Assume that the user operates the remote controller, stopping the fast-forward playback performed at 300 times as high as the normal playback speed, at the moment the thirty-fourth frame is displayed last as shown in FIG. 5. Also, assume that the thirty-fourth frame is the data part over-taken from the desired scene, i.e., the thirty-second frame. In this case, the user operates the direction button, such as a cross key, provided on the remote controller, thus moving the focus frame from the thirty-fourth frame to the thirty-second frame. Then, the user operates the remote controller, instructing the HDD recorder to start the playback again. On receiving this instruction, the HDD recorder starts the playback not at the thirty-fourth frame, but at the thirty-second frame.
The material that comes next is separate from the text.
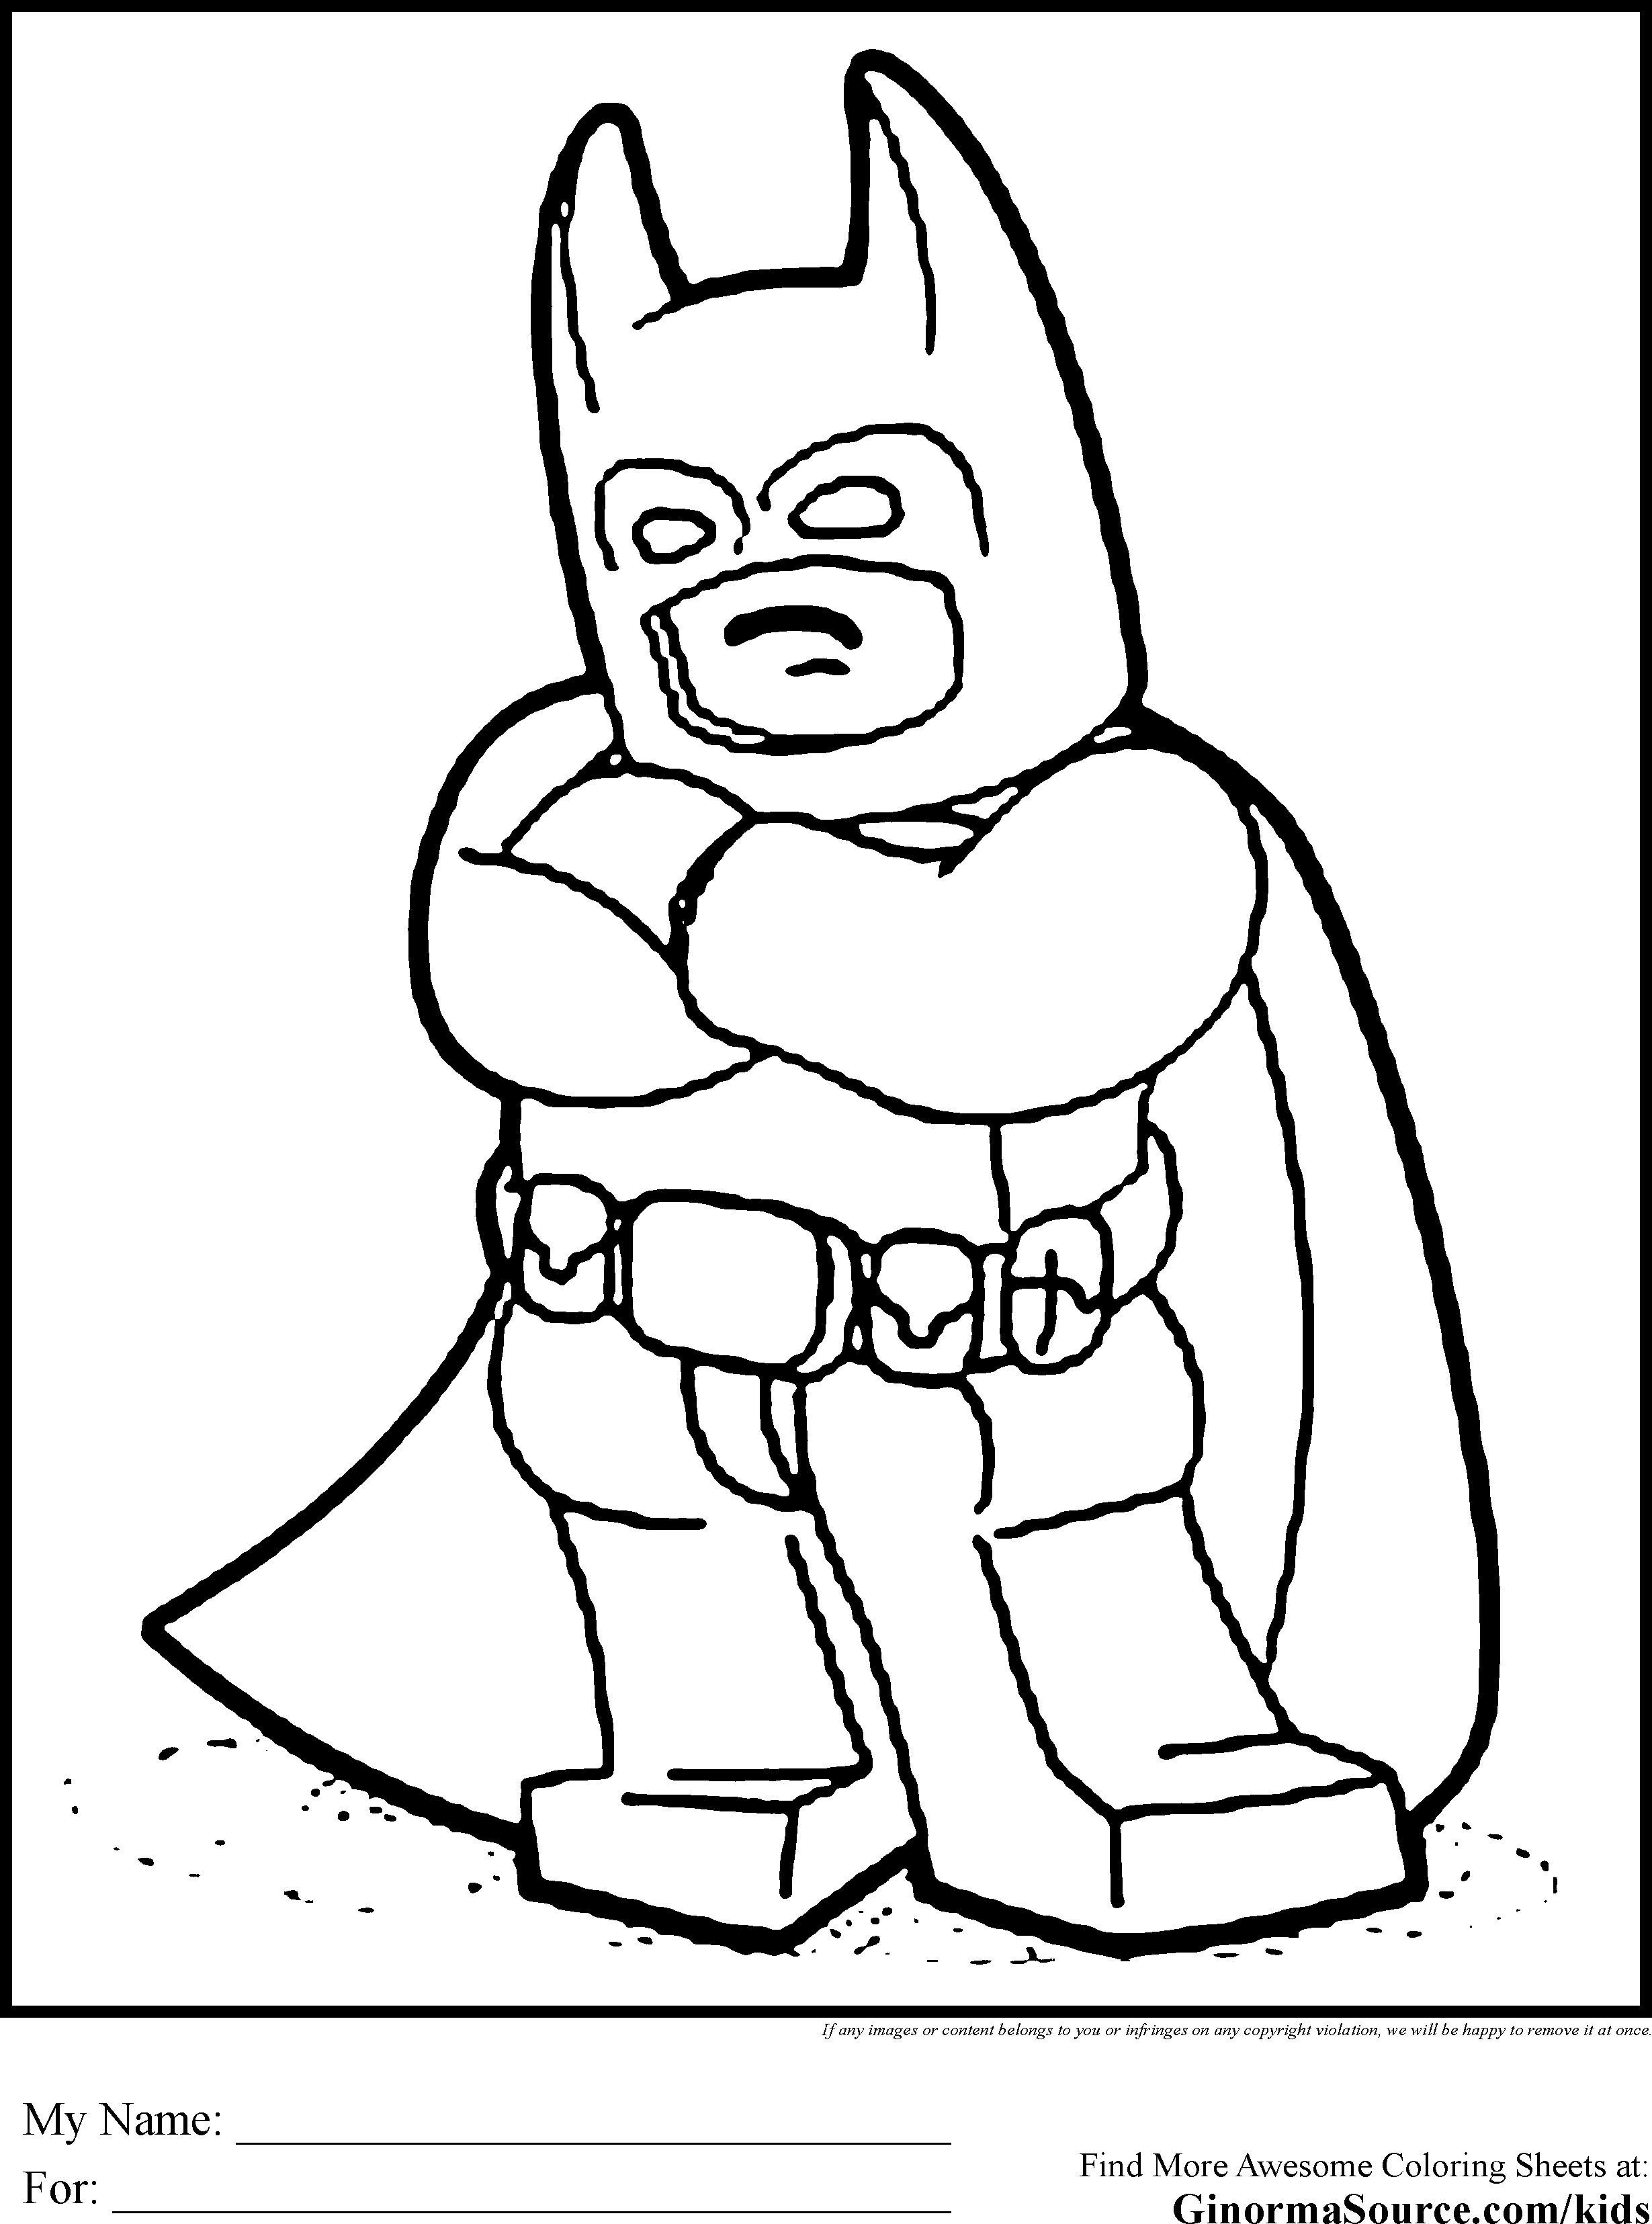 Batman Penguin Coloring Pages To Print - Coloring Pages For All Ages

Hence, the user need not carry out the rewinding that is a troublesome operation.
FIG. 6 is a flowchart that represents the sequence of operations that the HDD recorder performs in the fast-forward playback mode.
First, the remote-control manager 15 gives the system controller 11 the data indicating that the infrared-ray-receiving unit 5 has received a fast-forward playback instruction (Step S1). On receiving this data, the system controller 11 gives the decoder manager 13 the instruction that should be set in the MPEG decoder 3 (Step S2). This instruction represents the intervals at which I-pictures should be read to achieve fast-forward playback at the speed designated. Then, the system controller 11 determines whether the display screen should be divided into sections and how many sections the display screen should be divided into, to accomplish the fast-forward playback at the speed designated (Step S3).
If the display screen needs to be divided (if YES in Step S3), the system controller 11 instructs that the GUI manager 12 should set, in the VGA 2, the number of display sections (Step S4). If the display screen need not be divided (if NO in Step S3), the system controller 11 instructs that the GUI manager 12 should release the VGA 2 from the screen-dividing mode (Step S5). The VGA 2 is released from the screen-dividing mode if the fast-forward playback is proceeding at ten times as high as the normal playback speed when the user instructs the HDD recorder to perform the fast-forward playback at, for example, eight times as high as the normal playback speed.
If any request for I-picture data has been sent from the MPEG decoder 3 via the decoder manager 13 (YES of Step S6), the system controller 11 calculates the position in the display screen, where the next image should be displayed in the fast-forward playback performed at the designated speed (Step S7). Then, the system controller 11 instructs the file manager 14 to read moving-picture data from the HDD 4 (Step S8). The system controller 11 then transfers the moving-picture data to the decoder manager 13 so that the MPEG decoder 3 may play back the moving-picture data (Step S9). The MPEG decoder 3 decodes the moving-picture data. The data thus decoded is transferred to the GUI manager 12 so that the VGA 2 may control the displaying of the data (Step S10).
If no requests for I-picture data have been sent from the MPEG decoder 3 via the decoder manager 13 for a preset time (if NO in Step S6), the system controller 11 stops the fast-forward playback.
As has been described, with this HDD recorder it is possible to display one image in full size in the fast-forward playback performed at a speed lower than a specific value. And it is possible to display the parts of an image in divided sections of the display screen, respectively, in the fast-forward playback performed at a speed equal to or higher than the specific value. How many sections the display section should be divided into depends on the speed at which the fast-forward playback is carried out. In the fast-forward playback, the user can selects a desired one of the images frozen in the display screen, as a point at which the fast-forward playback is started again.
Additional advantages and modifications will readily occur to those skilled in the art. Therefore, the invention in its broader aspects is not limited to the specific details and representative embodiments shown and described herein. Accordingly, various modifications may be made without departing from the spirit or scope of the general inventive concept as defined by the appended claims and their equivalents.

Claims

1. An image playback apparatus comprising:

a playback unit configured to play back encoded moving-picture data;

a first display unit configured to display the moving-picture data played back by the playback unit, using an entire display region;

a second display unit configured to display, in time series, parts of the moving-picture data played back by the playback unit, respectively in display sections into which the display region has been divided;

a designating unit configured to designate a playback speed at which the playback unit should play back the moving-picture data; and

a display control unit configured to control the first and second display unit so that the first display unit displays the moving-picture data in the entire display region when the designating unit designates a playback speed which is lower than a specific value, and the second display unit displays the parts of the moving-picture data in display sections, respectively, when the designating unit designates a playback speed equal to or higher than the specific value.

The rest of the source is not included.